A study presented at the 2014 American Conference on Human Vibration examined how WBV affected drivers’ performance on tests after exposure. In a lab, eight truckers were exposed for two hours apiece to two levels of WBV, one of the type experienced in a passive suspension seat and the other at the level experienced in the Bose Ride® active suspension seating system. The Bose Ride uses sensors and electromagnetic motors to greatly reduce WBV.

Afterward, the subjects performed computer-based tests that measured their reaction time to stimuli. Compared to those in the active-suspension seat, drivers using the passive-suspension seat had slower response times and more lapses per trial.

“Therefore,” the limited study concluded, “it appears WBV exposures and the magnitude of the WBV exposures may adversely affect the vigilance of truck drivers and potentially contribute to cognitive fatigue.”

In addition to slowing reaction time, WBV could make drivers tired and sleepy. A 2015 RAND Corp. review of 24 studies examining WBV and fatigue and sleepiness found that 18 of the studies reported “a significant association” between WBV and driver fatigue and sleepiness, while the others found no relationship.

The review concluded that reducing WBV among truck drivers “may reduce fatigue and ultimately reduce the public-health burden and societal costs of trucking accidents.” The report, which was commissioned by Bose and insurance giant AIG, concludes that further study is needed to establish a causal relationship.

Looking for a way to reduce WBV-related pain, the Washington State Department of Labor & Industries commissioned a study to investigate whether active suspension seats could reduce WBV and back pain.

The double-blind, randomized field study compared the Bose Ride system and the industry standard air-ride seat.
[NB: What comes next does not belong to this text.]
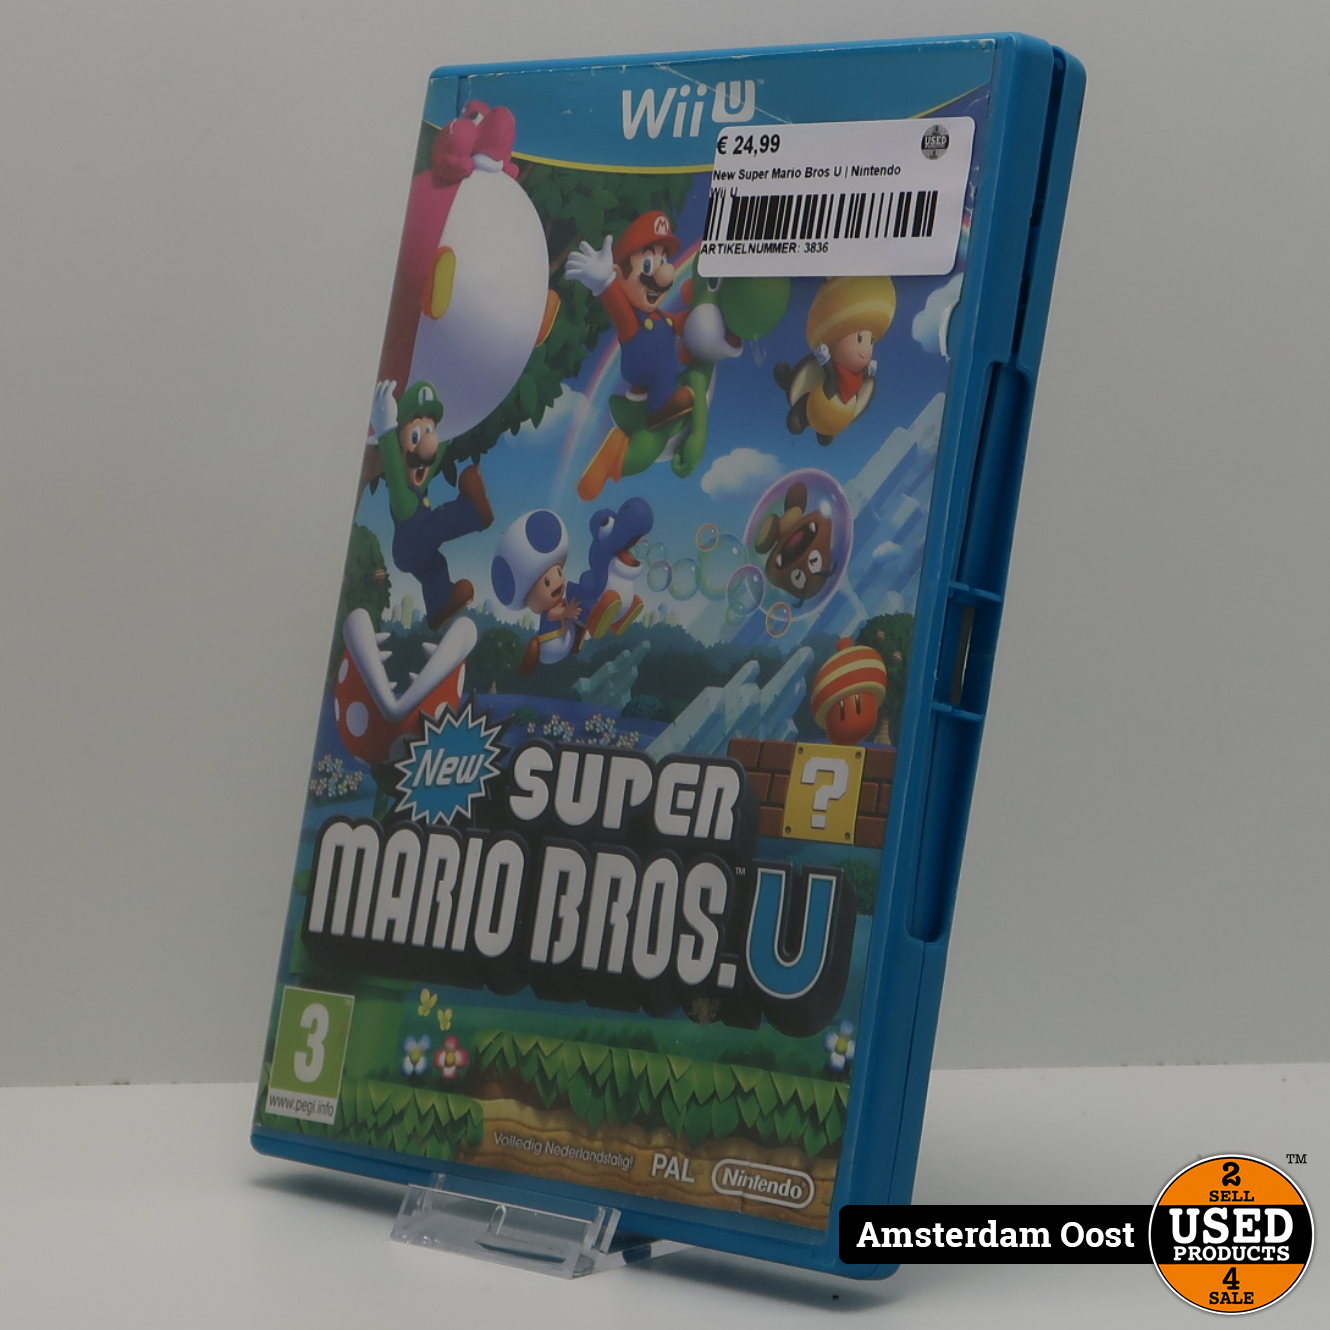 New Mario Bros U | Nintendo Wii U - Used Amsterdam Oost

Measurements showed that truck drivers who used Bose Ride experienced less WBV than those with air-ride seats. After three months, the Bose Ride group reported a 30 percent reduction in lower back pain, compared to a 10 percent reduction with those who received new air-ride seats and a 2 percent increase with those who kept their existing air-ride seats.

A limited 2015 study published in the Journal of Occupational and Environmental Hygiene found that seats with active suspension systems, like the Bose Ride system, transmit significantly less vibration than do standard air-suspension seats.

A number of carriers are retrofitting their fleets with Bose Ride systems for the benefit of their drivers. R+L Carriers of Wilmington, Ohio, has installed Bose Ride systems in the majority of its 4,000-truck fleet.

“The feedback has been great,” said R+L CEO Roby Roberts. “We hear that people feel better at the end of each workday. Their body feels better with less fatigue and they feel they can do more.”